== Stored data ==
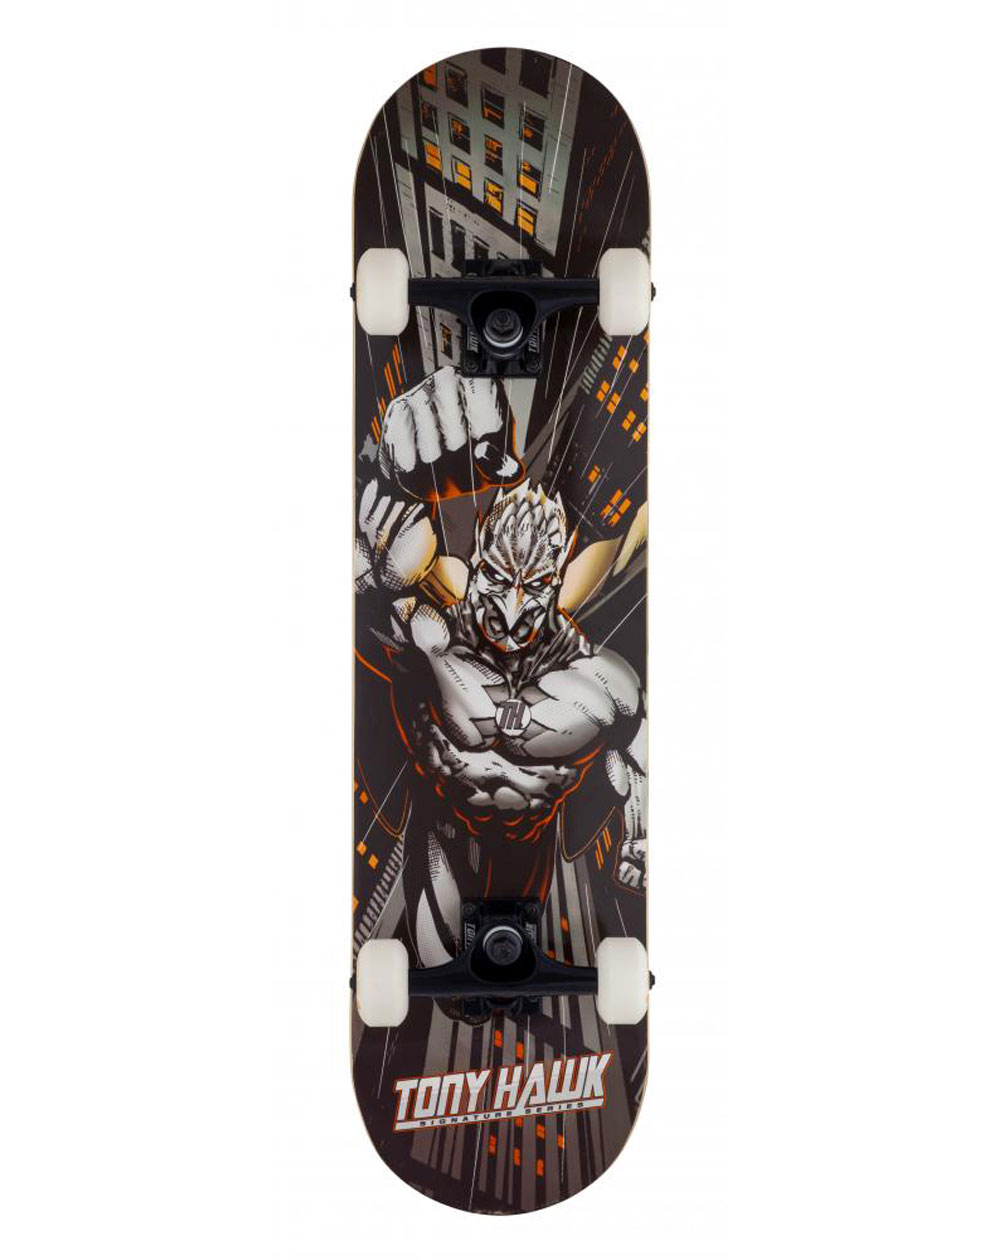 Tony Hawk Skateboard Complète Skyscaper 7.75" Orange
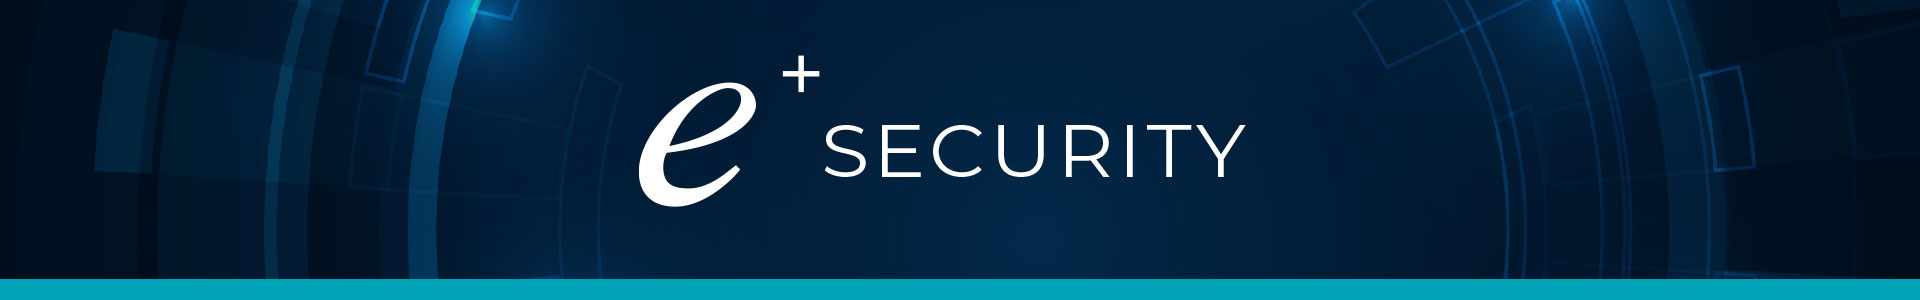 ePlus-Security-Header
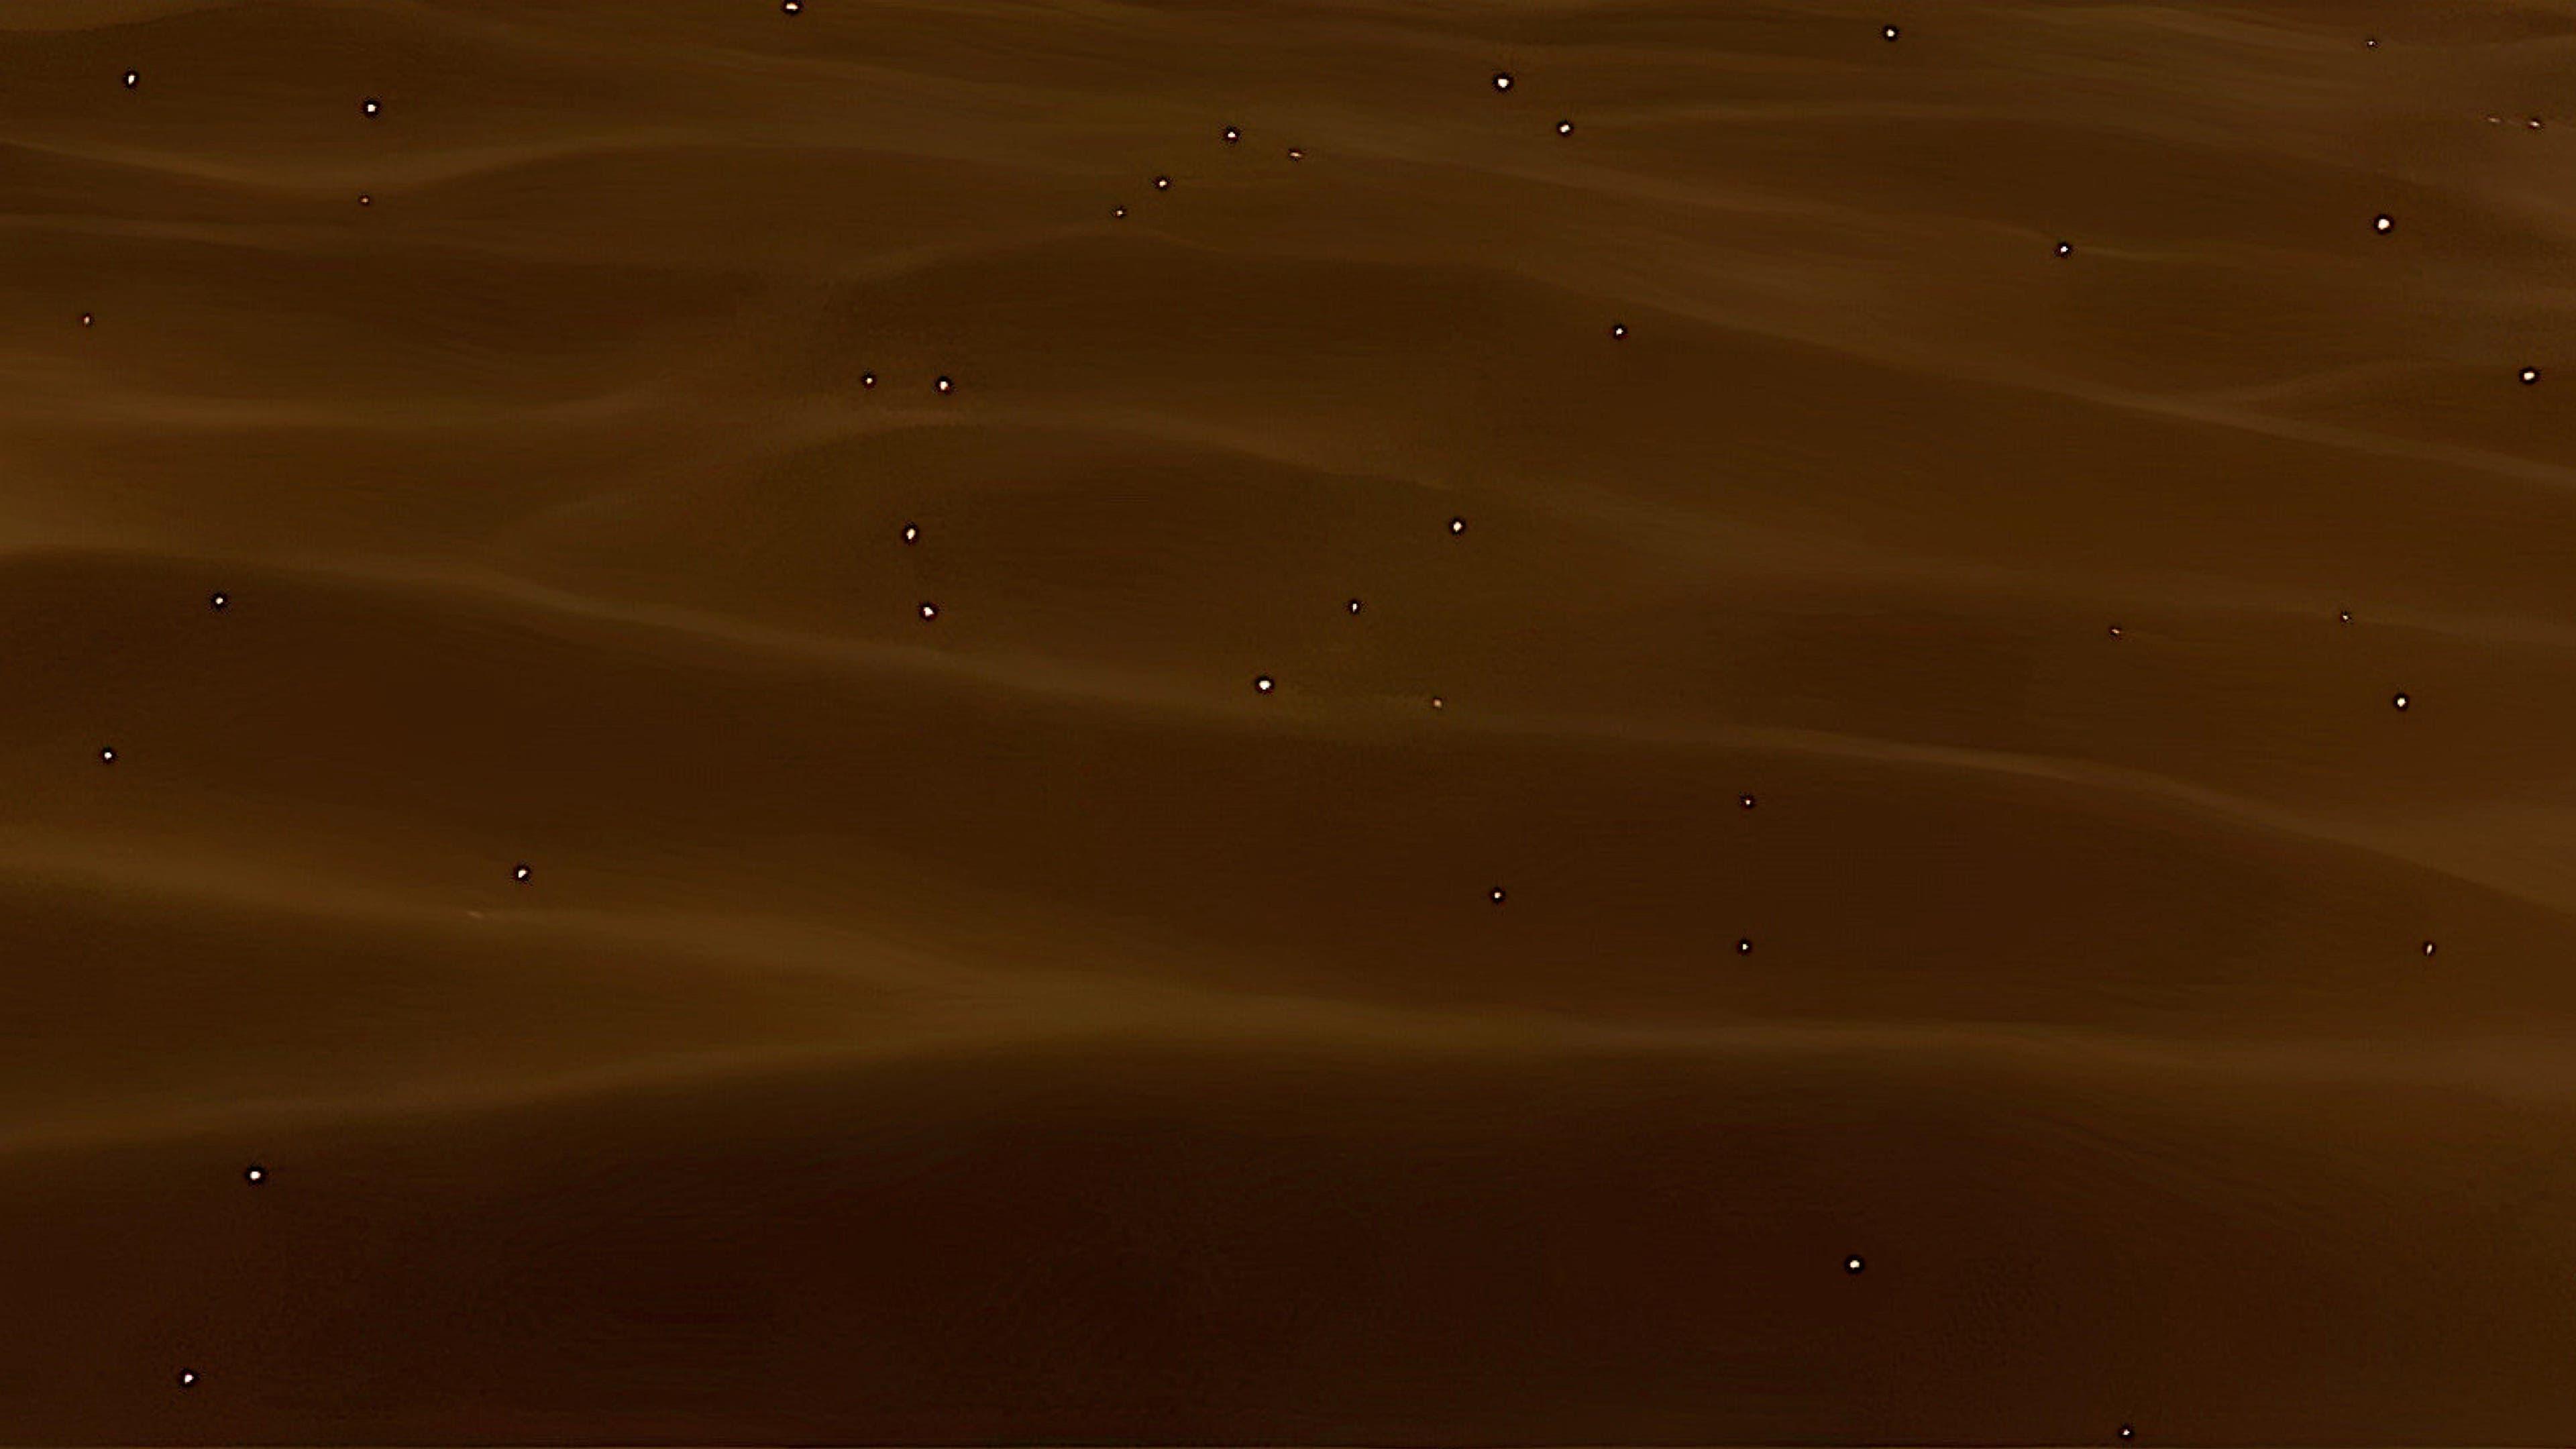 Impressions of Dune backdrop

== Instructions to follow ==
Copy out the data exactly and keep the pictures out.

== Response to the exercise ==
 Tony Hawk Skateboard Complète Skyscaper 7.75" Orange
 ePlus-Security-Header
 Impressions of Dune backdrop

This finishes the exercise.